I cry and grieve like I would for a dog or cat.I make sure they have great lives even though they're short.I miss them,but there's always a place in my heart for another one.


----------



## reddd123 (Mar 30, 2013)

polishrose said:


> I cry and grieve like I would for a dog or cat.I make sure they have great lives even though they're short.I miss them,but there's always a place in my heart for another one.


Thanks for your reply


----------



## Lil Miss (Dec 11, 2010)

i dont buy them, i rescue.

the only way i can cope with loosing them is because i know its opened up another space for some poor fluff out there who needs another chance at life.
yes it hurts, and i cry like a baby. but the moment it stops hurting is the moment i will not bring any more into my life, as if it doesnt hurt then you cant have loved them, and they all deserve to be loved


----------



## vet-2-b (Sep 25, 2008)

as my dad would say "its better to of loved and lost then to of never loved at all"


----------



## forgotten myth (Feb 26, 2012)

I'm the same. Just enjoy the time that you do have with them as they are so loving and make great pets. It is honestly worth it.


----------



## wind1 (Oct 24, 2010)

I have this dilemma at the moment. I had 2 rabbits, Thumper and Pebbles. I lost Thumper 5 years ago. I was absolutely heartbroken and couldn't bear to replace him so Pebbles lived the rest of her days on her own, although she was surrounded by lots of guinea pigs (in their hutches). When Pebbles went 2 1/2 years ago I said that's it, no more rabbits. But now I have seen a rescue close to me has a big grey bunny who looks exactly like Thumper. I have a shed with run attached all ready to go for a rabbit but I can't stop thinking of how much it hurt when I lost the others. Even now I feel sad just thinking about them but another part of me says you have the space, think of the lovely life you could give another rabbit in need. I need to think about it seriously


----------



## SpotOn (May 7, 2013)

Lil Miss said:


> i dont buy them, i rescue.
> 
> the only way i can cope with loosing them is because i know its opened up another space for some poor fluff out there who needs another chance at life.
> yes it hurts, and i cry like a baby. but the moment it stops hurting is the moment i will not bring any more into my life, as if it doesnt hurt then you cant have loved them, and they all deserve to be loved


We rescue ours (or private re-homes) and it makes me happy knowing I have given the animal a second chance.

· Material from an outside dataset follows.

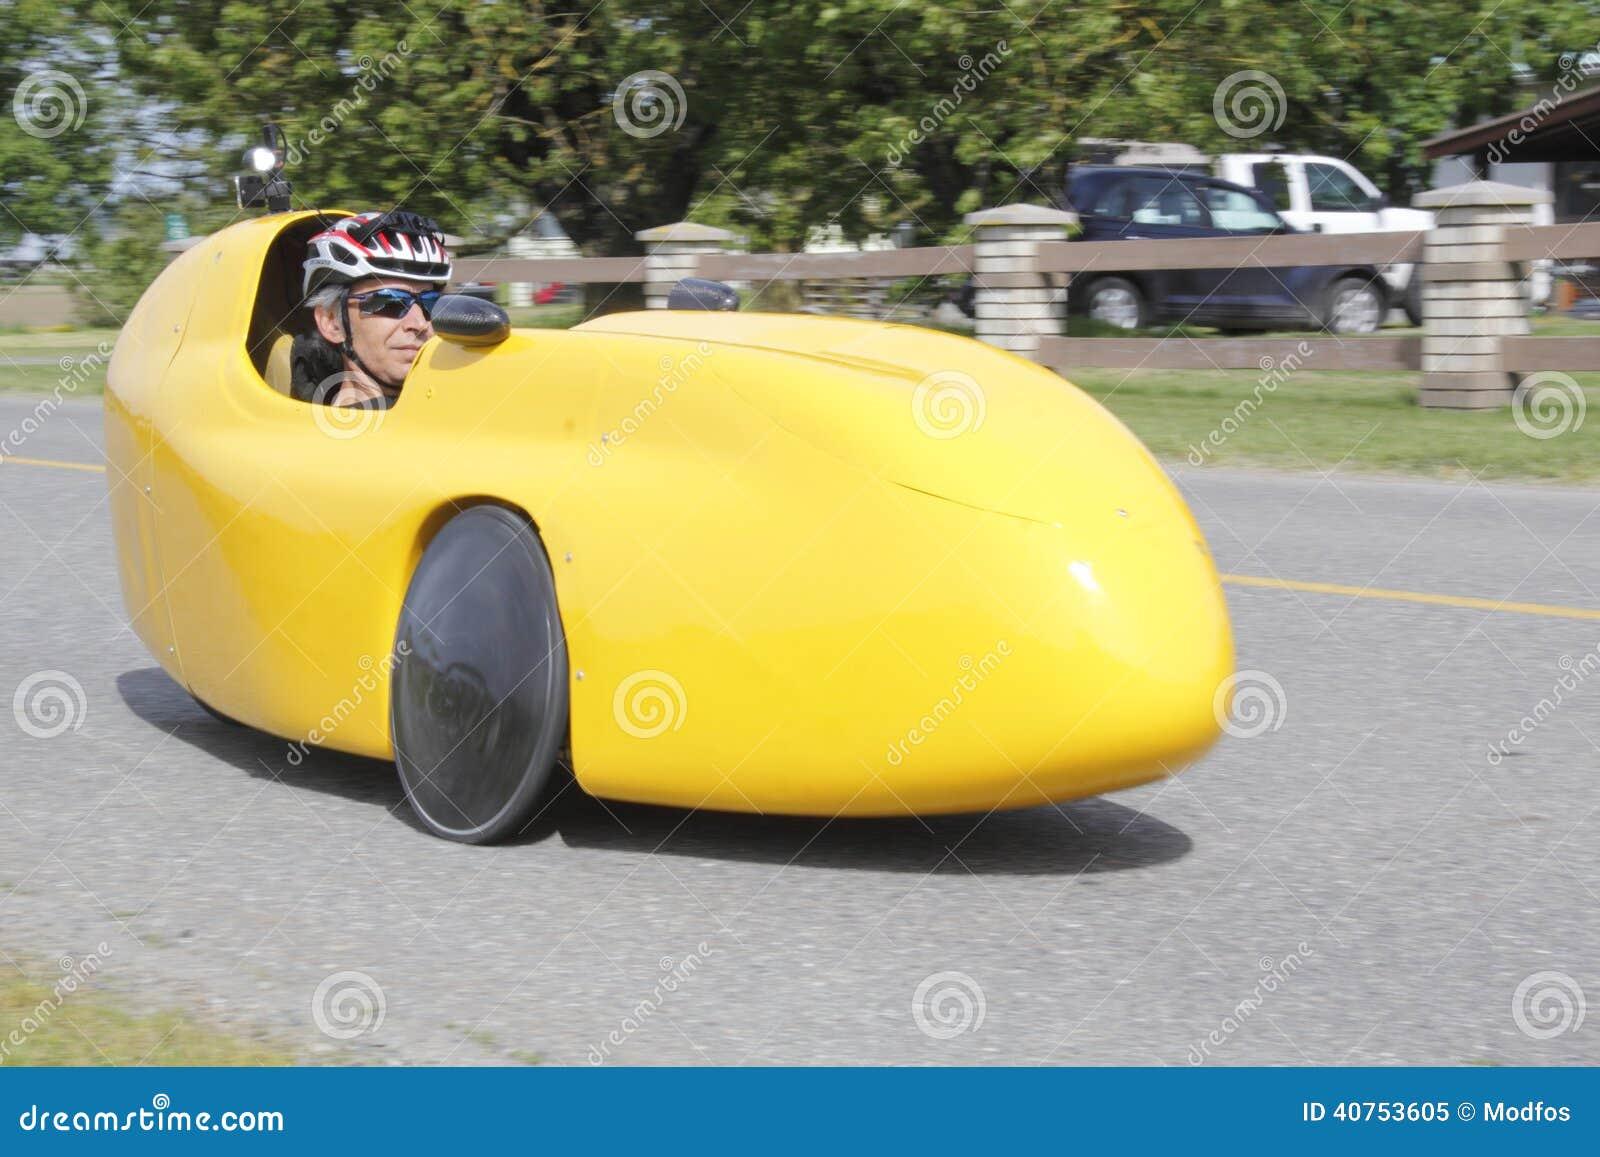 Velomobile Fahrrad Auto Oder Liegendes Fahrrad Stockbild

For me, I've cried more over loosing my pets than I have done family :001_unsure:


----------



## Supasilvfoxy (Apr 6, 2013)

That's the legacy they leave us, once you open your heart to a pet, when it dies it leaves a space, just big enough for another pet to fill. That pet can be anything from horse, down to a stick insect.

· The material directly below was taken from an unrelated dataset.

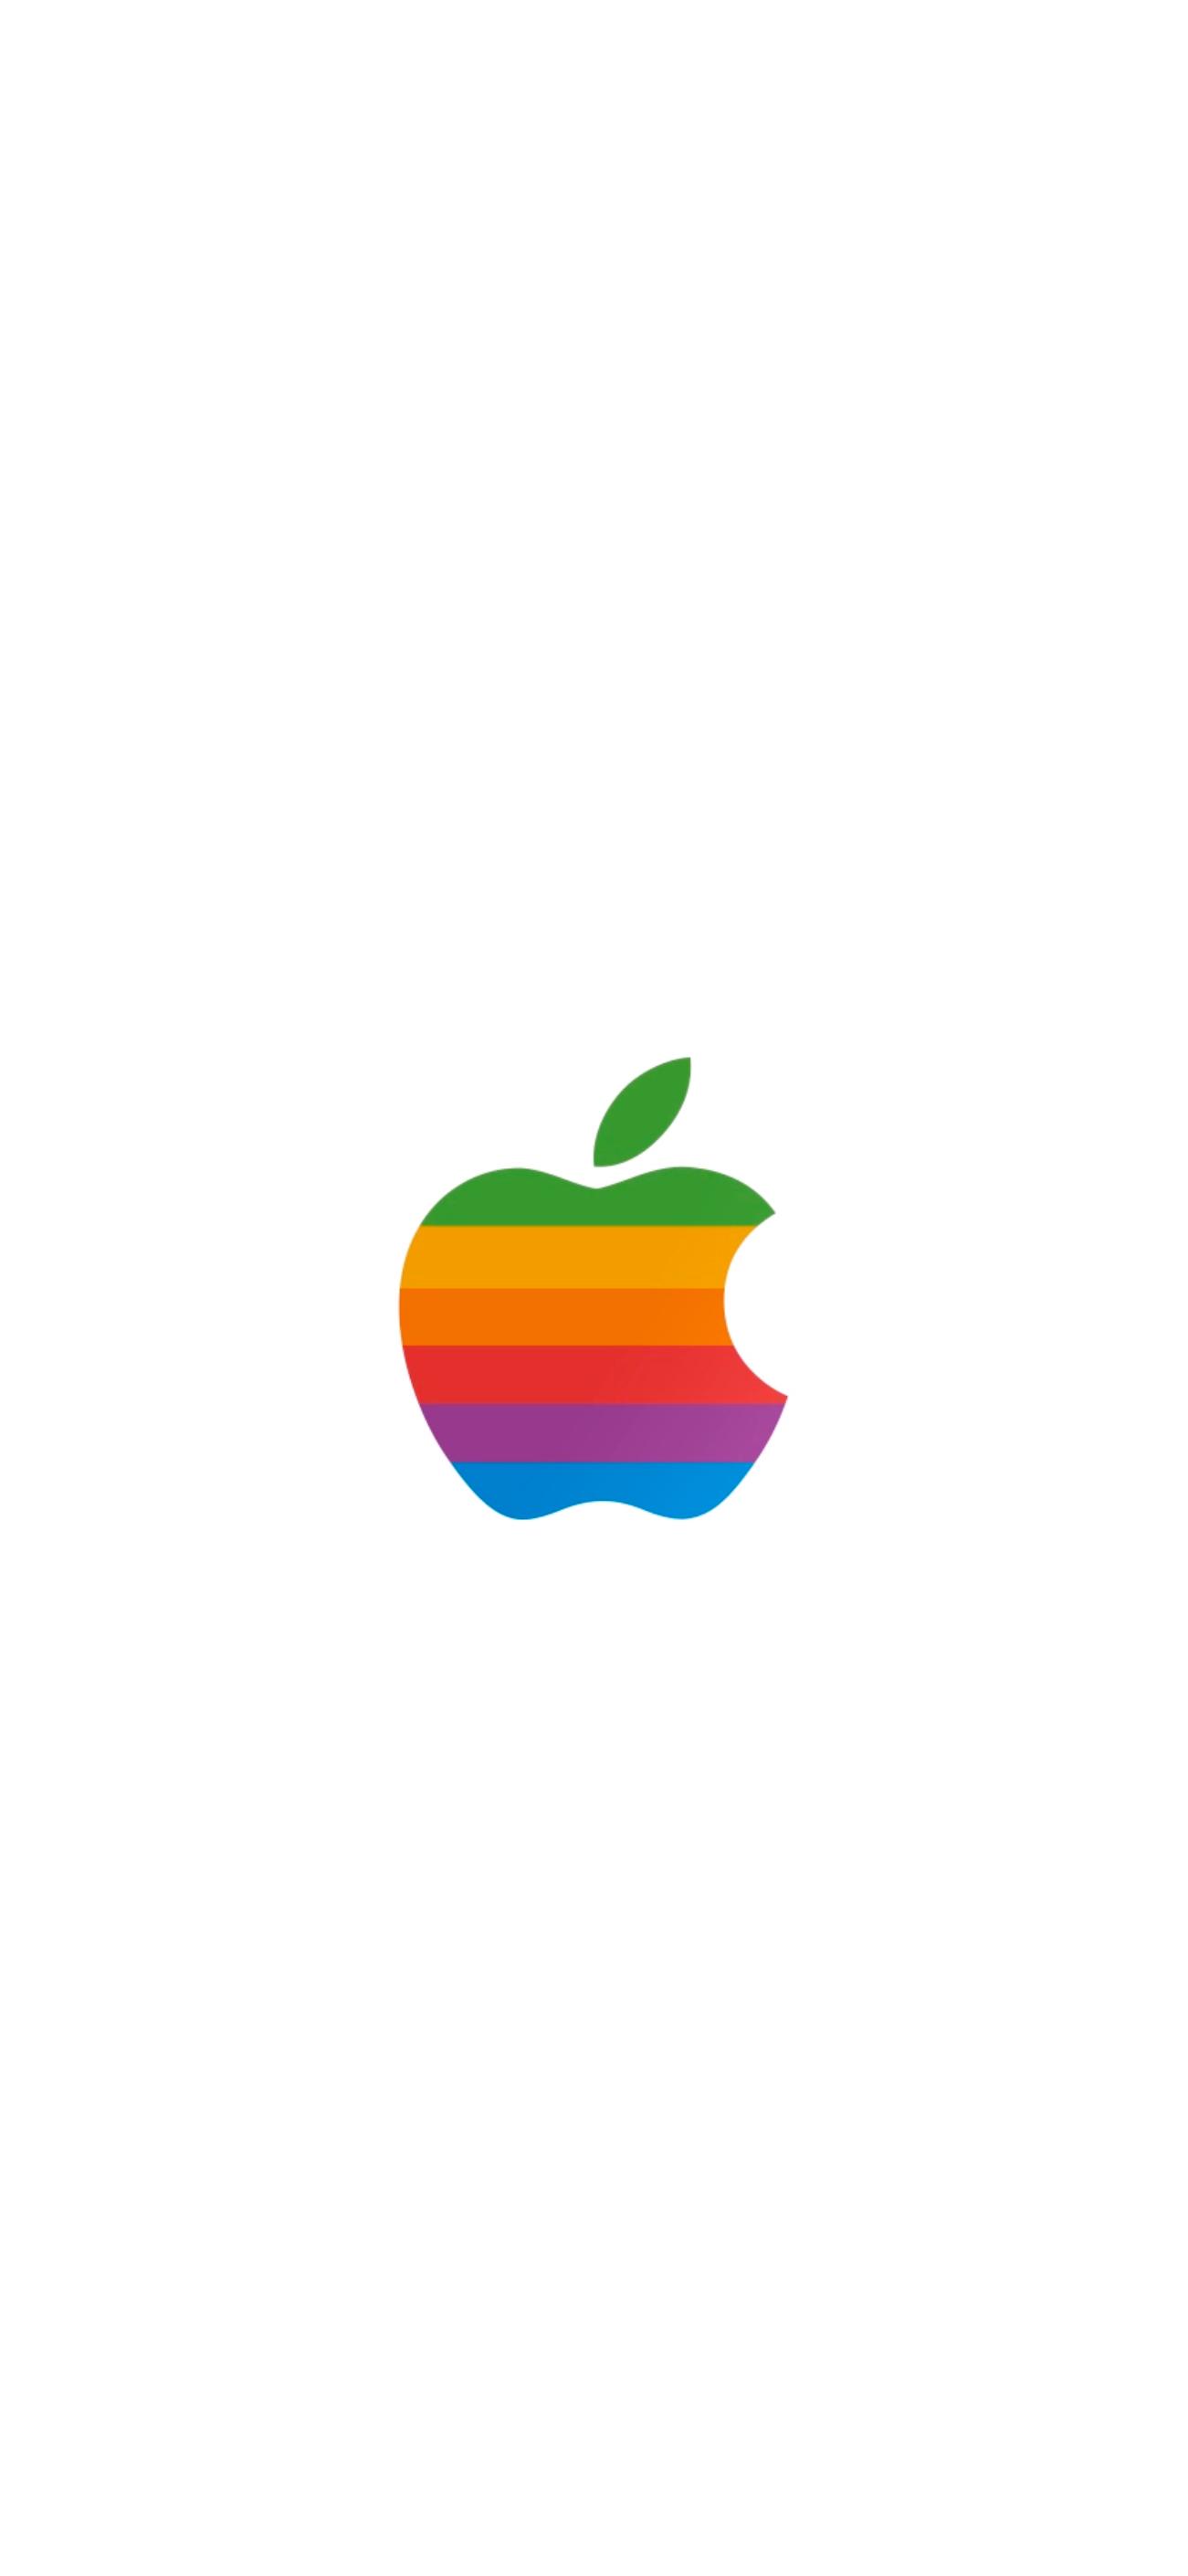 Download Iphone Xs Max Wallpaper Rainbow Cikimm Com Rainbow Wallpaper Iphone Apple Logo Wallpaper Iphone Apple Logo Wallpaper

Don't ever hesitate about getting a pet Reddd, thinking you wont be able to cope when it dies, you will, because the joy that owning a pet gives you far outweighs the grief when they die.

Much love and good luck!


----------



## tinktinktinkerbell (Nov 15, 2008)

polishrose said:


> I cry and grieve like I would for a dog or cat.I make sure they have great lives even though they're short.I miss them,but there's always a place in my heart for another one.


This

I make sure that the time they have with me they are spoilt and well looked after, I make sure I have lots of memories and happy times, I take lots of photos


----------



## Bloodraine5252 (Jan 13, 2013)

It is hard but its very rewarding (I rescue/private regimes) watching them become confident and playful. I've had some that have suffered some horrible neglect and there's nothing more satisfying than nursing them back to health. 

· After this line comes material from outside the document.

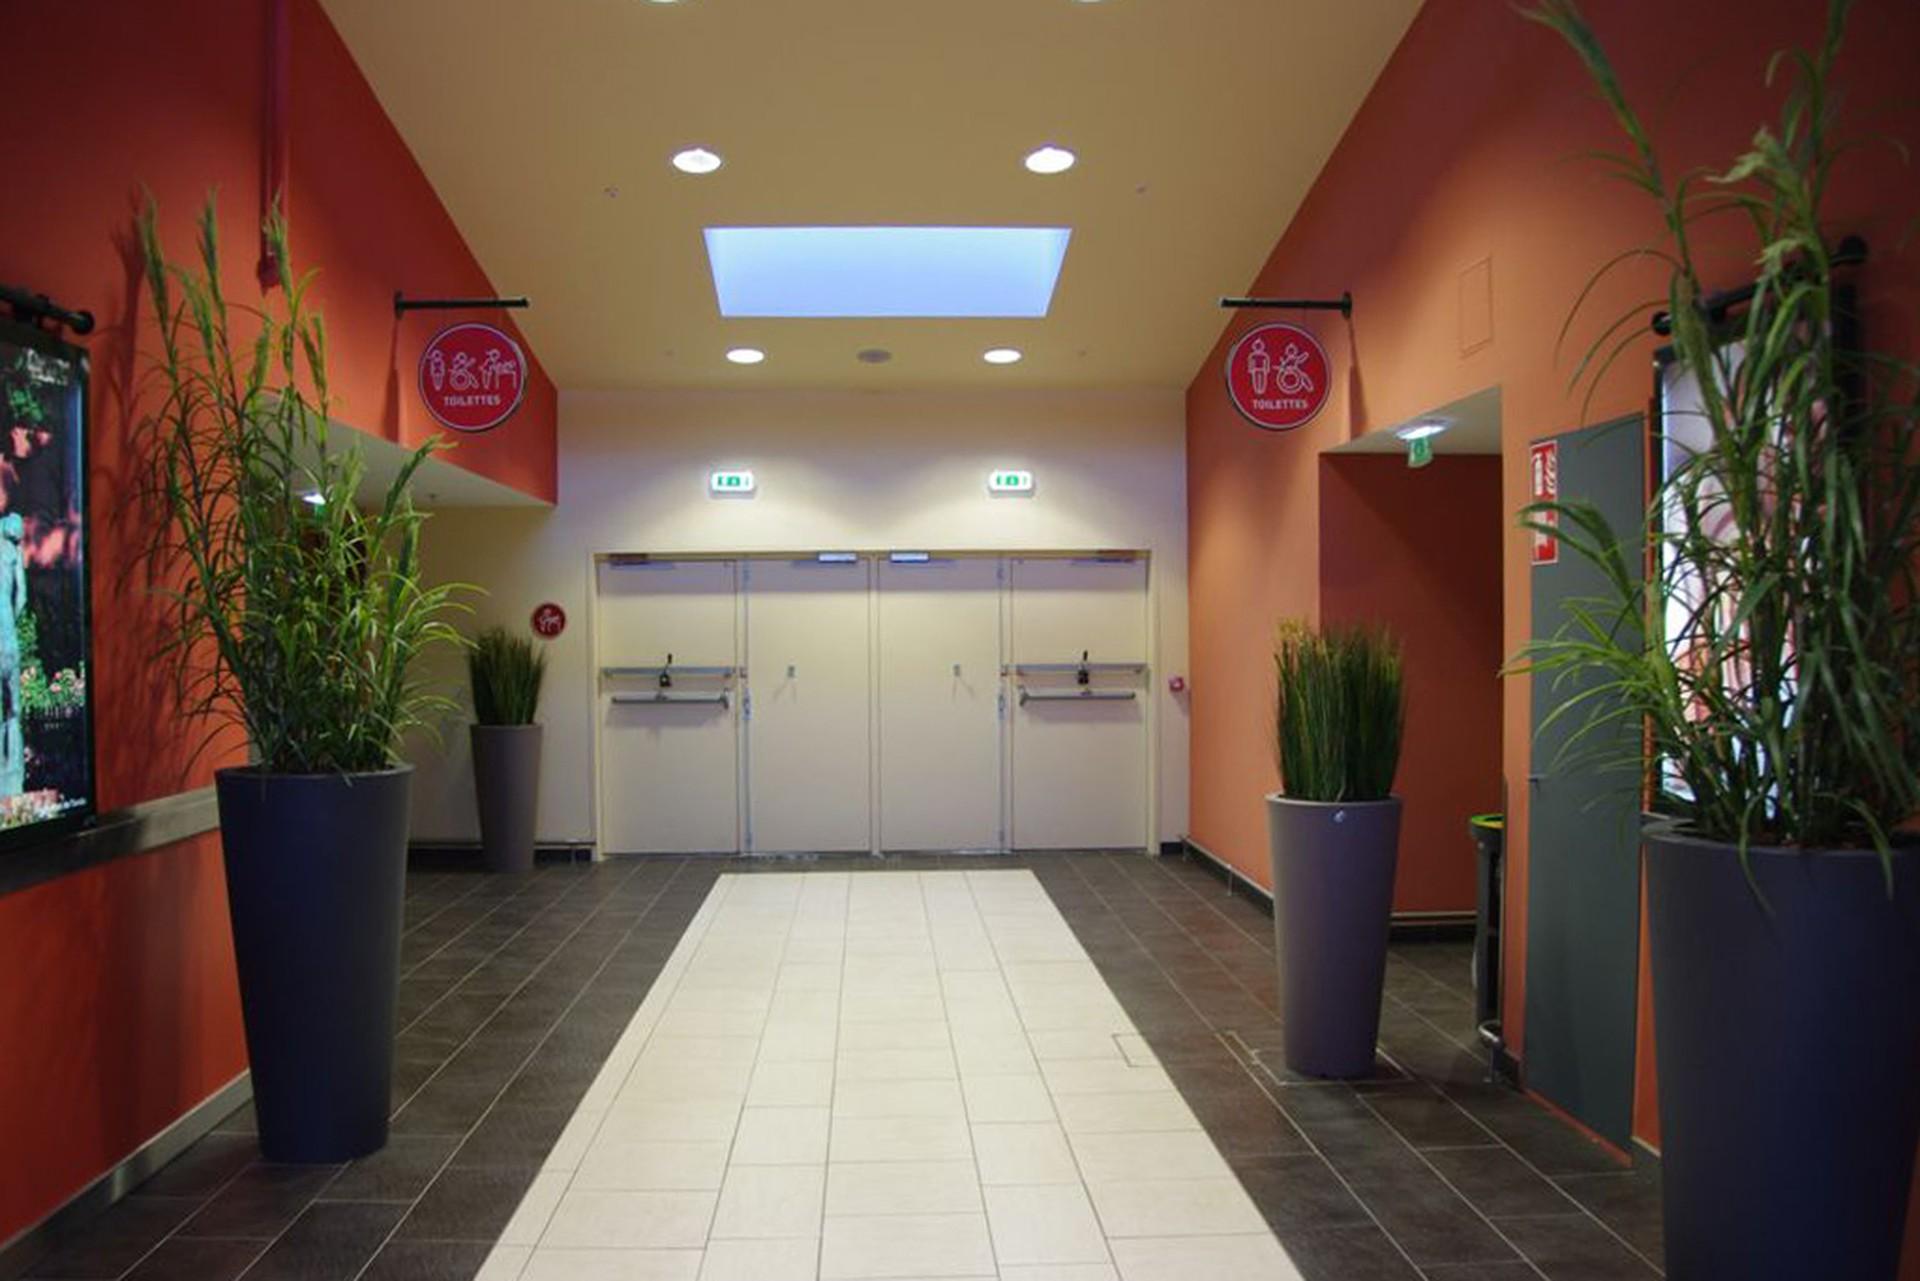 DOORTAL - Auchan Montauban - porte hall d'accueil

I now have 9 and I think it may be my last lot which is quite upsetting but they no longer have their own room since I had to move. When I get a bigger house again I'll be getting more 

For each one that has passed I've grieved but the pros do outweigh the con's by a mile


----------



## niki87 (Nov 18, 2009)

Don't buy them....rescue  Then you know that you are doing an amazing thing giving small animals a second chance when most won't. And when they do pass away you know that you saved them.


----------



## CatMommy555 (Jul 19, 2013)

I grieve like I would for any pet, large or small. But in my opinion, the time spent with them and the love received makes it all worth it. I'd rather love a small animal and get hurt later than miss out on that relationship.


----------



## redroses2106 (Aug 21, 2011)

you could say that about any pet though, chances are you will out live it, I wouldn't not get a pet because it will die one day especially when you can offer one a good loving home, I have an old guinea pig, I hope she has lots of life left in her but I will be heartbroken when she passes (she's my fav pet, even though I shouldn't admit that  ) and even though it will be sad I would have her all over again she brings me lots of happiness, she has the biggest personality.


----------



## lisa0307 (Aug 25, 2009)

Lil Miss said:


> i dont buy them, i rescue.
> 
> the only way i can cope with loosing them is because i know its opened up another space for some poor fluff out there who needs another chance at life.
> yes it hurts, and i cry like a baby. but the moment it stops hurting is the moment i will not bring any more into my life, as if it doesnt hurt then you cant have loved them, and they all deserve to be loved


That's so nice...xxx


----------